Только б никто не мешал. На судьбу он не жаловался, судьба казалась ему по плечу. Только б никто не тревожил его, не вспугивал темноты.
Но он умрет, умрет скоро. Все это знают. Ведь знают же? У него больные легкие, и скоро он умрет. От него шарахаются, чтоб не заразиться, все шарахаются, даже брат и сестры, хотя и боятся, как бы он не заметил. Как их осторожность ударяет его по сердцу! Зря ведь стараются! Ему хочется взять и крикнуть им это в лицо.
Неужели же он не видит, как они норовят держаться от него подальше. Глаз у него нет, что ли! Неужели они думают, что от него укрылось хоть одно словечко или тон, каким оно выговорено, хоть один взгляд, хоть одна улыбка! Неужели же он не слышит, как они шепчутся на кухне или за закрытой дверью комнаты - и ведь никогда ее прежде не закрывали! Неужели он не понимает, что они принялись заживо его оплакивать... Ведь не укрылось же от него, как тяжело и тревожно стало дома - им тяжело, что среди них обреченный, Он все видит. Все понял. Нетрудно понять.
Только мать была такая же, как всегда, и его не сторонилась. Но ведь она была над болезнью, над смертью. Мать тут не в счет. Она такая добрая. Она боялась, как бы он чего не заметил, старалась, чтобы все было как всегда, чтобы он ни о чем не догадался, чувствовал бы только, как его любят, особенно теперь, как о нем думают - она думала о нем непрестанно, старалась все время быть рядом, словно дни его уже сочтены... Да ведь она же больше всех себя выдавала!
С весны ему начали подавать яйцо ежедневно за завтраком, а другим яйца не полагалось. Каждое утро за столом его встречало напоминание... Как будто он мог забыть... Она присаживалась рядом - а ведь вокруг стола стояло еще столько стульев. Они были вдвоем за завтраком, так отчего же она присаживалась рядом! Она говорила обо всем, кроме того, о чем они оба думали, пыталась его развлечь, развеять его мысли, и так ласково с ним говорила, что у него падало сердце. Ни упрека, ни резкого слова. Вот он теперь не молился перед едой, а она и это ему прощала, не замечала - он не мог вынести ее доброты! О, лучше б ему ее возненавидеть!

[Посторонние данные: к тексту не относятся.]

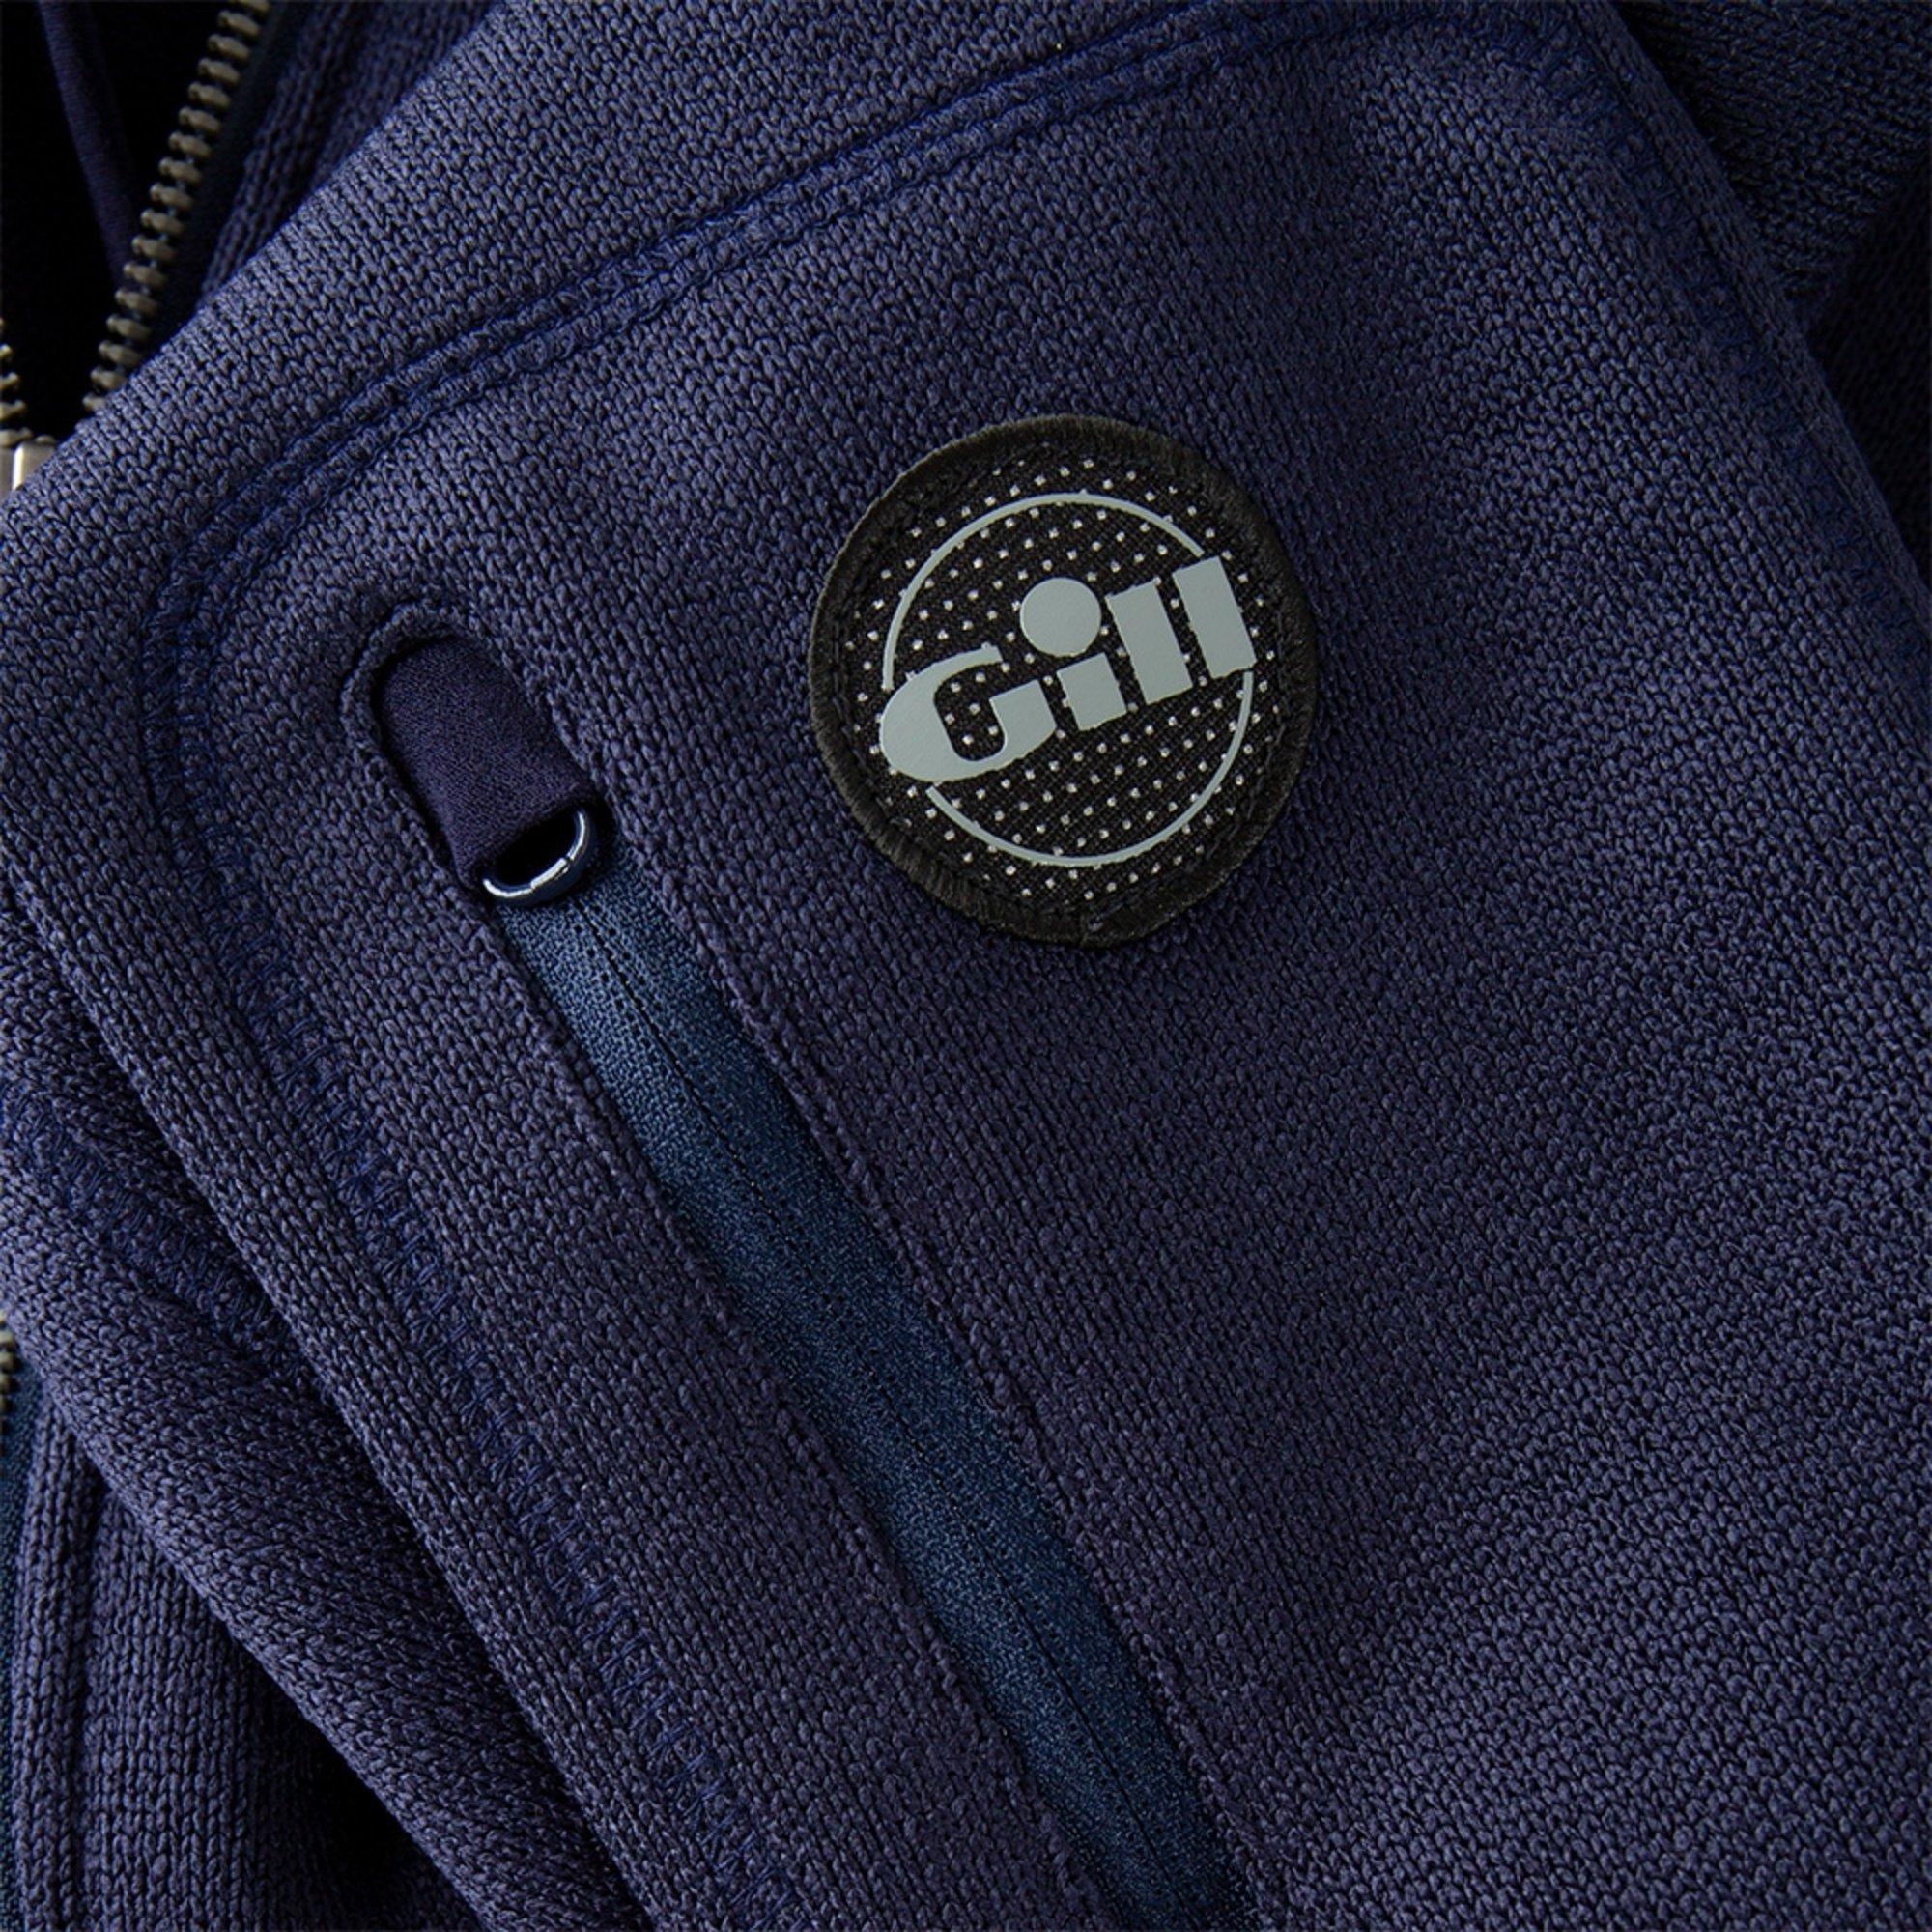 Women's Knit Fleece Jacket - 1493W-NAV06-6.jpg

Эта атмосфера осторожной нежности и любви была ему несносна. Ни одно грубое дуновенье не залетало в эти комнаты. Сидеть в тепле и уюте законопаченного жилья - как это трудно! Как мучительный душный жар, не разгорающийся костром! Как от него саднит в груди! И набожность родителей, их тяжелая, древняя вера - как давила она его, доводила до удушья. Скорее бы вырваться отсюда!..
Нет, новое учение, отметающее бога и все упования на него, принимающее жизнь во всей ее неприкрашенной обнаженности, ее планомерной бессмыслице, куда больше ему подошло. И ведь это учение истинное. Никакой веры - только брать жизнь, как она есть.
Не все ли ему равно, ведь скоро умирать! Но нет, ему необходимо вырваться! Туда, где воздух разреженней и резче, где ветер бьет в лицо.
Да, хорошо знать, что ничего нет, небеса пусты. Можно привыкнуть к пустоте, и постепенно успокоиться, угомониться и изжить ужас перед неизбежным...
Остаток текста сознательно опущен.